Maybe there's something inherently wrong with targeted ads...


"Targeting" seems to me to be completely synonymous with "discriminating".


Pretty much every ad ever written in any medium is targeted to some degree or other.


Is it inherently wrong to publish an ad in the Wall Street Journal and not then publish the same ad in Teen Vogue?


No. Because anyone can buy the WSJ and Teen Vogue and see the ad.

If you're excluded from being targeted by an FB ad you have no chance of seeing it. If that exclusion criteria forms the basis of a protected class and the ad in question relates to housing, that's illegal. So it's a very narrow set of behaviors that are wrong here, not all of ad targeting.

E.g. it's probably not illegal (or even morally wrong) to exclude someone who is interested in topics such as "Hinduism" from ads for beef jerky. Even though religion is a protected class, beef jerky isn't housing.

Similarly, it's (probably) not wrong to exclude low-income people from ads for your high-end condo because AFAIK income isn't a protected class.


I'm not sure it's that easy. The complaint dings Facebook for allowing targeting of ads by zip code. Isn't it the case in principle that people choose to live in certain areas? I don't think that discriminating on the basis of voluntary association that happens to correlate with protected group membership is enough to spare one from HUD's gaze.


That's just one of the charges. The others are even more damning - targeting by sex, religion or country of origin.


No, which suggests to me that something changes when you cross from print advertising to digital advertising, but I'm not sure what.


Is it wrong to publish an ad on the Wall Street Journal website and not run the same ad on the Teen Vogue website?


Is that something that actually happens? Do people say "let's run this ad on teenvogue.com"? Don't websites (especially businesses of the scale of WSJ/vogue/etc) get their ads from ad networks?


My question stands.

It's easy in current ad targeting setups to limit an ad to running on particular sites or to prohibit an ad from running on certain sites.
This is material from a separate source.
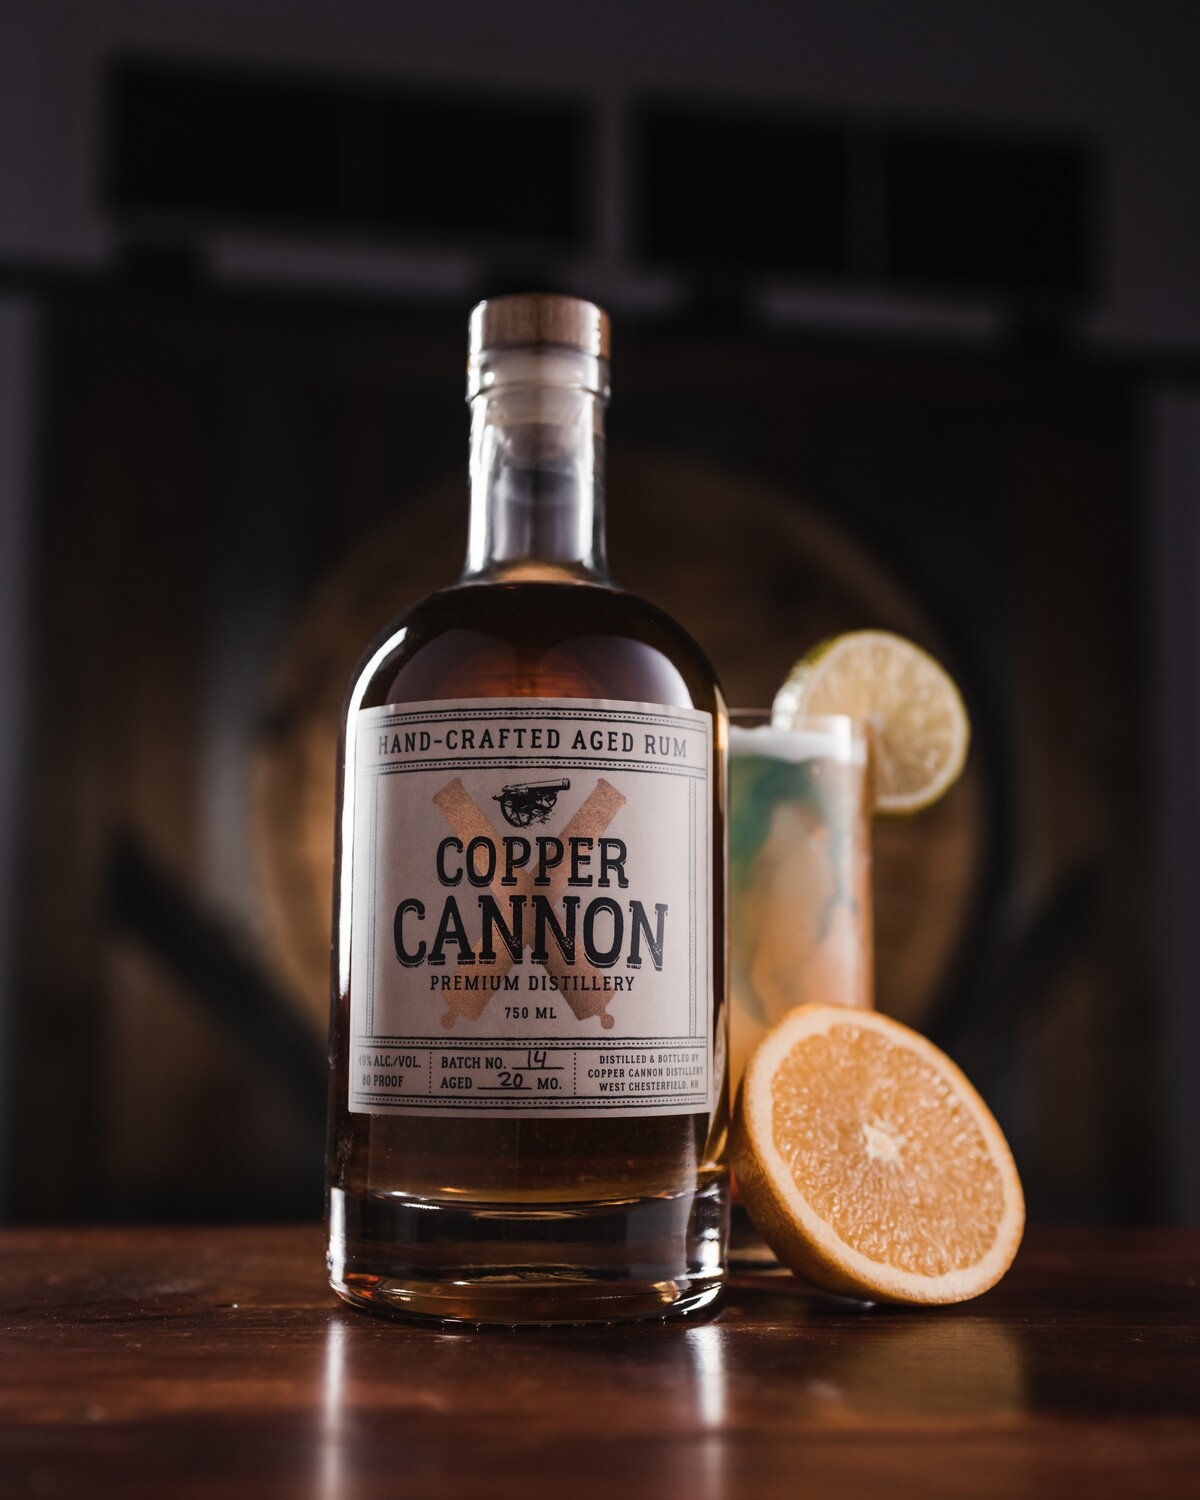 Copper Cannon Hand Crafted Barrel Aged Rum

If someone were to run an ad and configure the campaign such that it appeared on the Wall Street Journal website and not the Teen Vogue website, would this action have any different moral or legal character from deciding to run a print at in the Wall Street Journal instead of Teen Vogue?

Why or why not?


Maybe there's something inherently wrong with thought-policing via "anti-discrimination" laws.